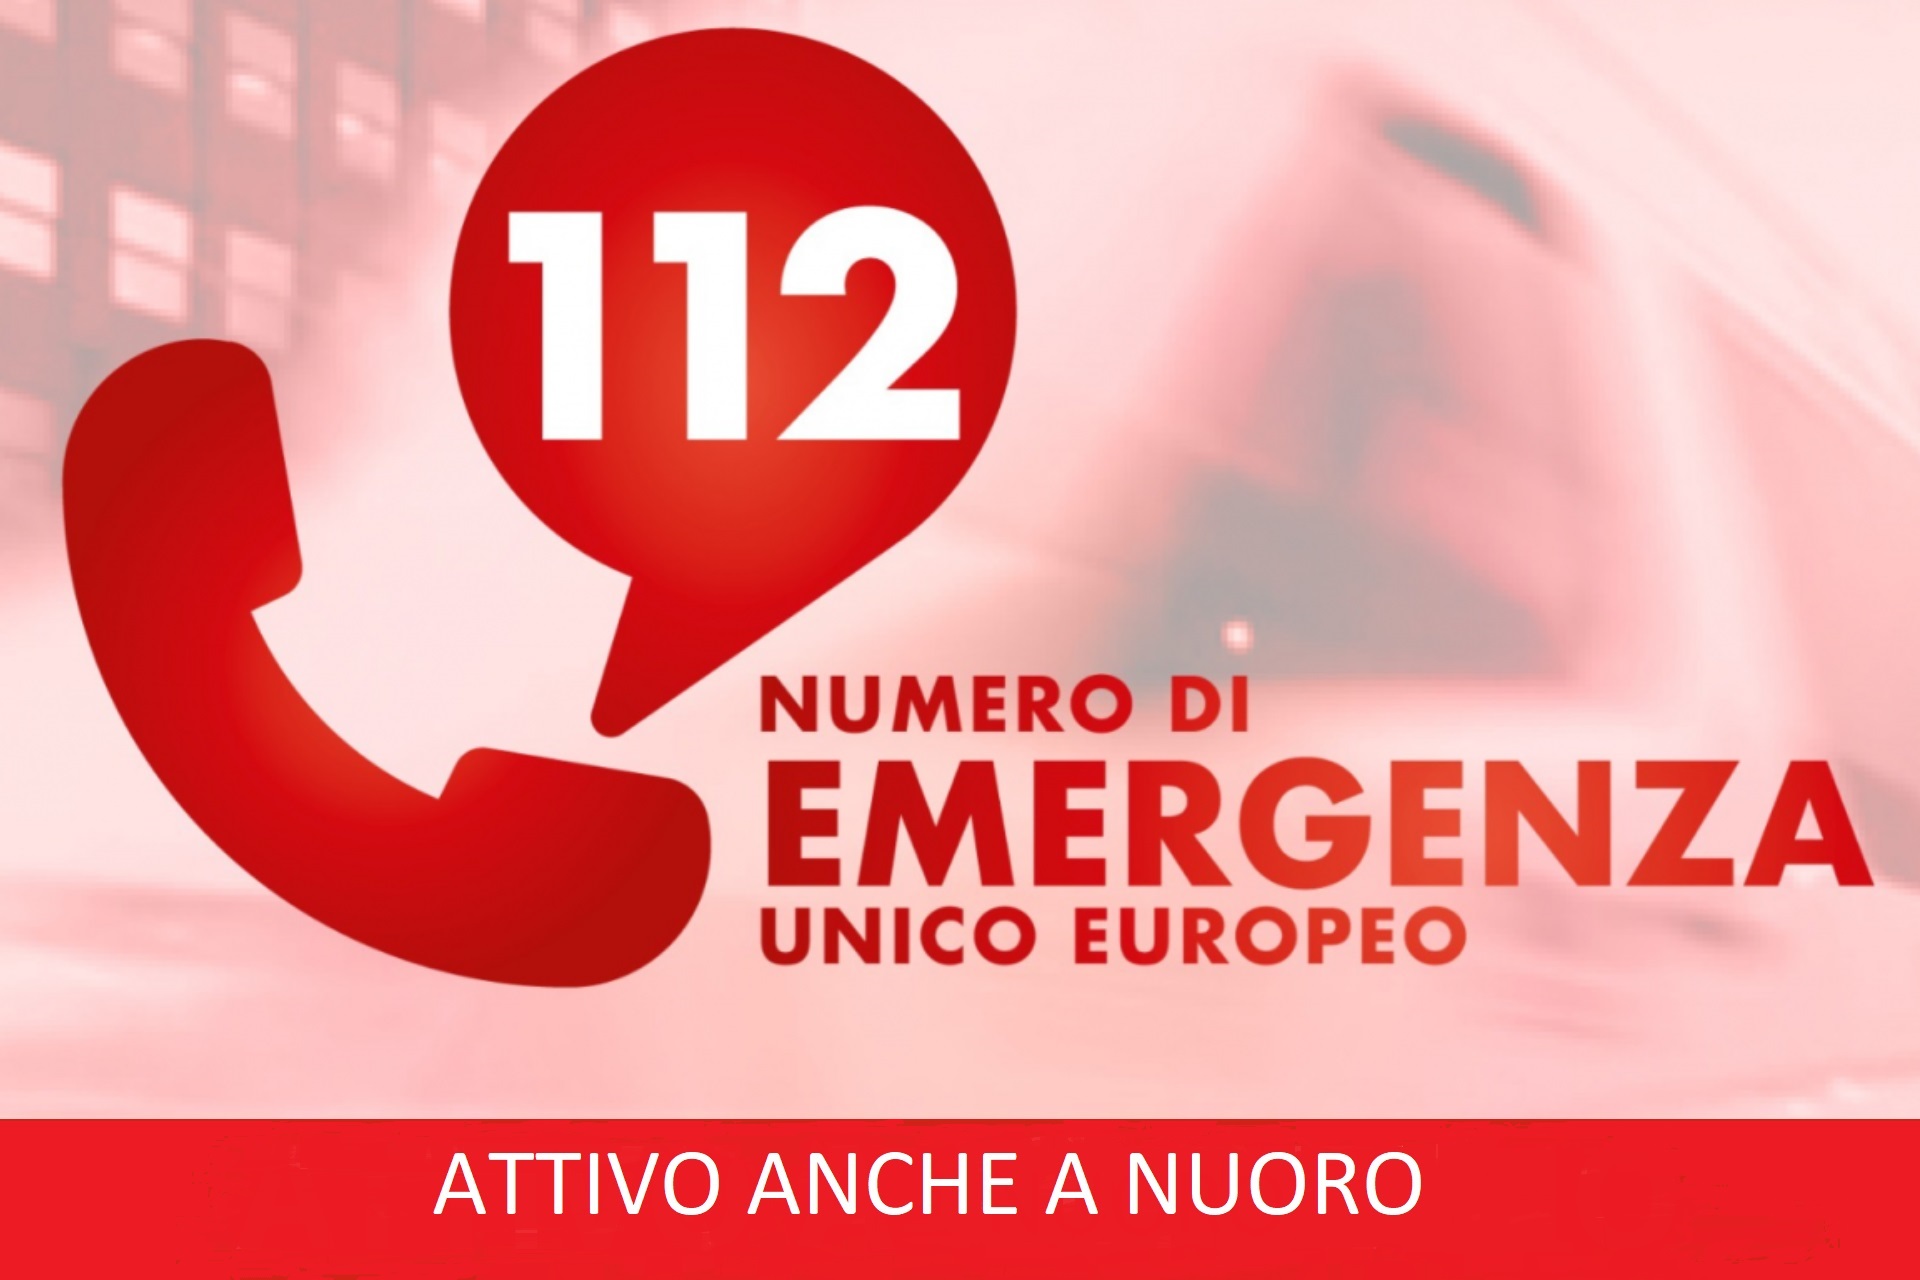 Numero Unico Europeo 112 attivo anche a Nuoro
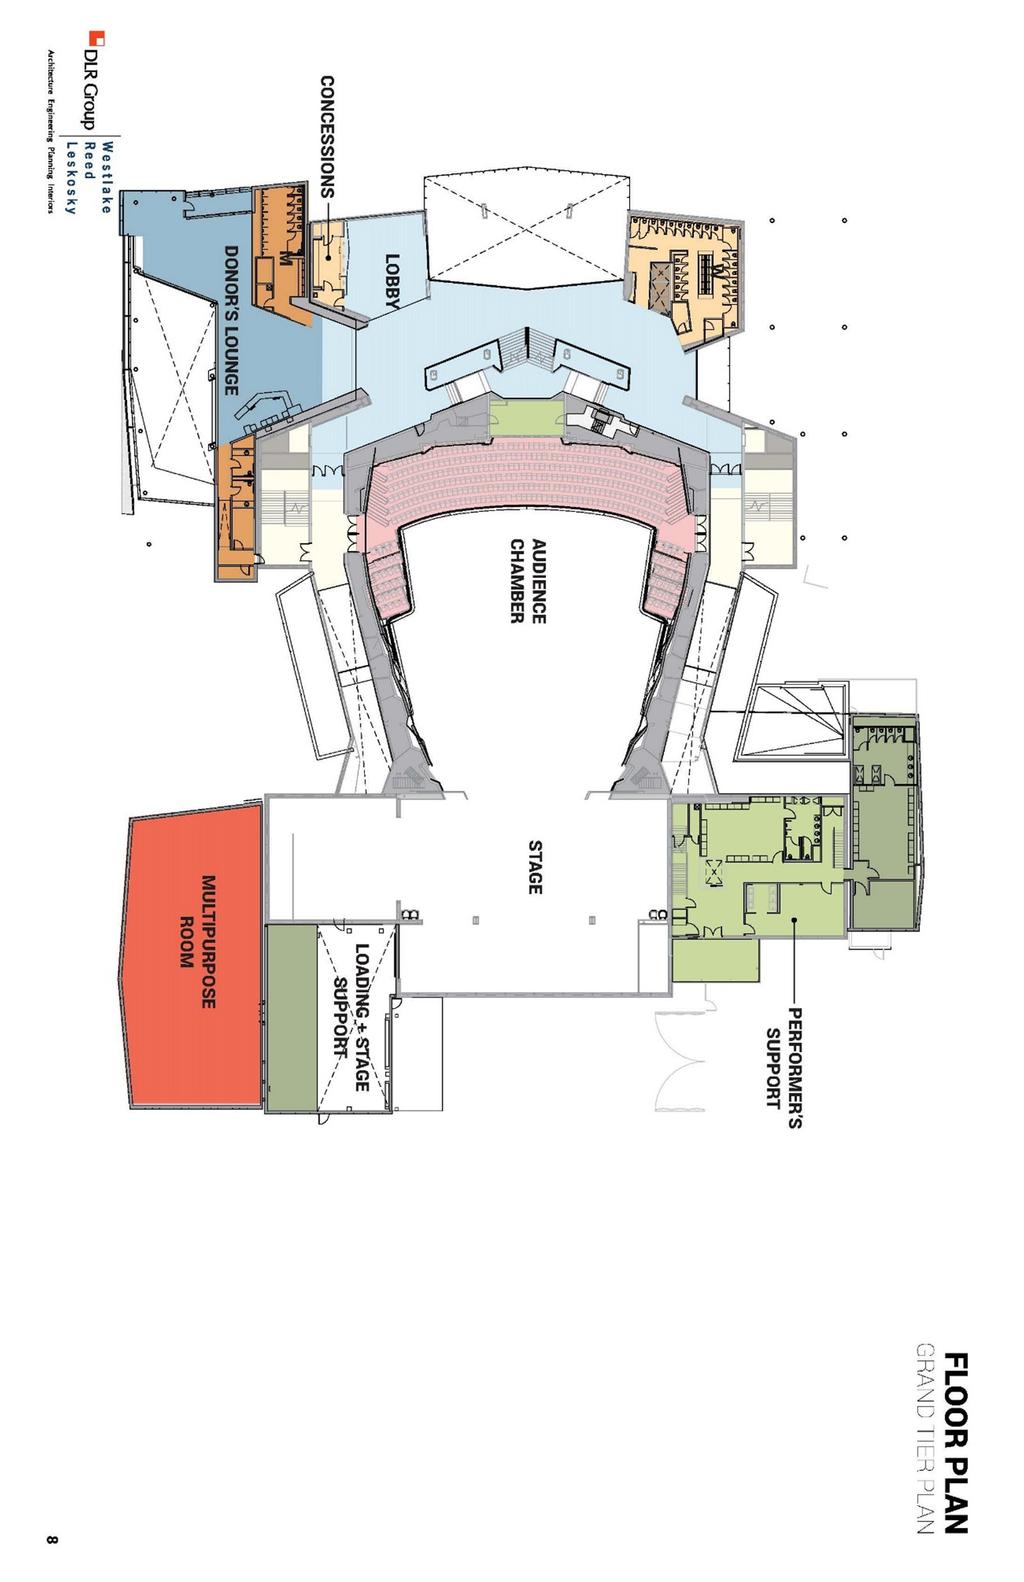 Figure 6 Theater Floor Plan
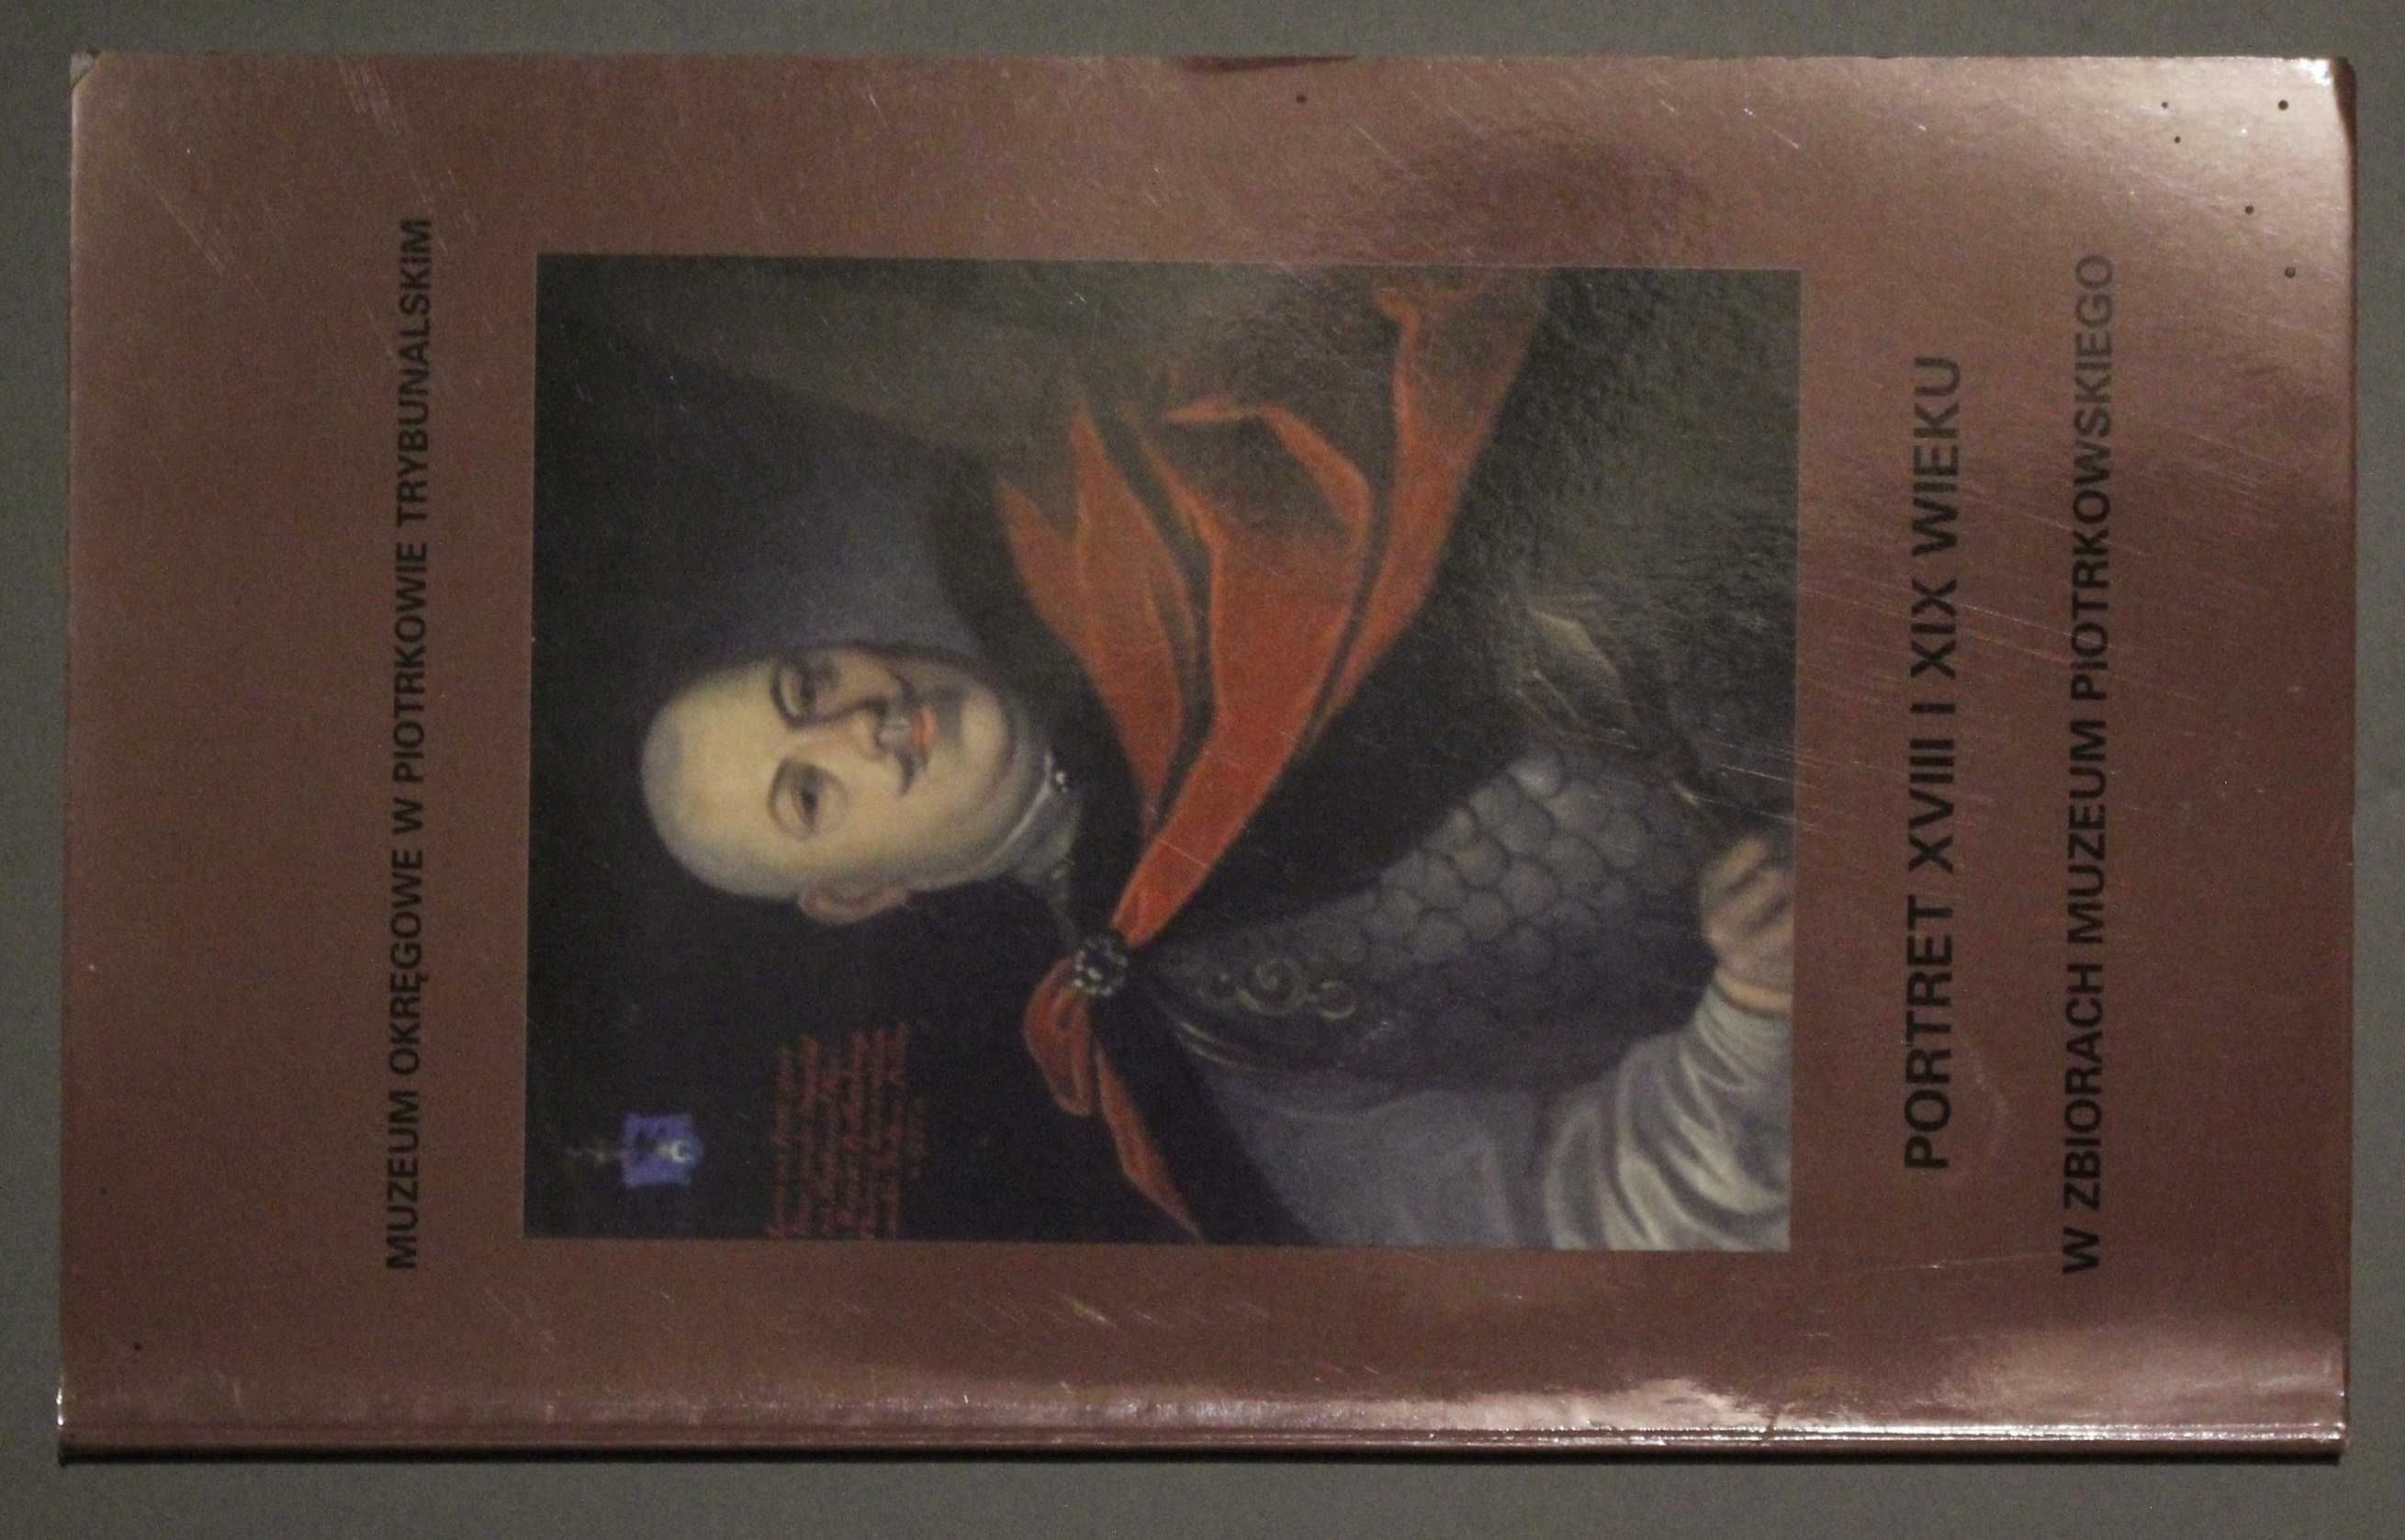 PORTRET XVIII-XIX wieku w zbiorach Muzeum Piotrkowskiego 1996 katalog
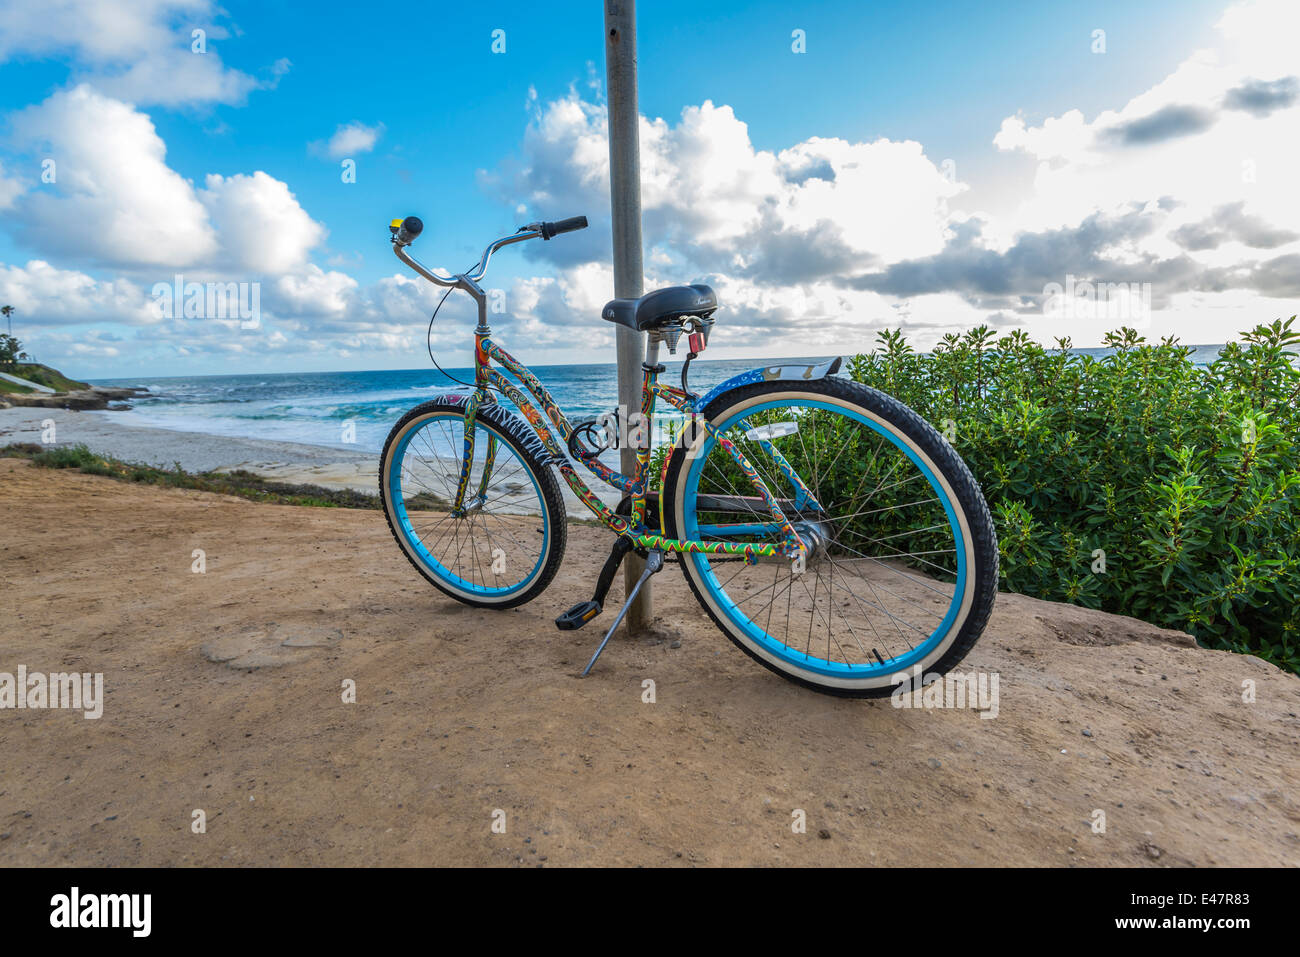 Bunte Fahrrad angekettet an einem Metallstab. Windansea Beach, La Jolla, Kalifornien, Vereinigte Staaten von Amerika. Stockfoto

# Work task
The material above must be printed exactly, with its pictures left out.

# Task response
 Numero Unico Europeo 112 attivo anche a Nuoro
 Figure 6 Theater Floor Plan
 PORTRET XVIII-XIX wieku w zbiorach Muzeum Piotrkowskiego 1996 katalog
 Bunte Fahrrad angekettet an einem Metallstab. Windansea Beach, La Jolla, Kalifornien, Vereinigte Staaten von Amerika. Stockfoto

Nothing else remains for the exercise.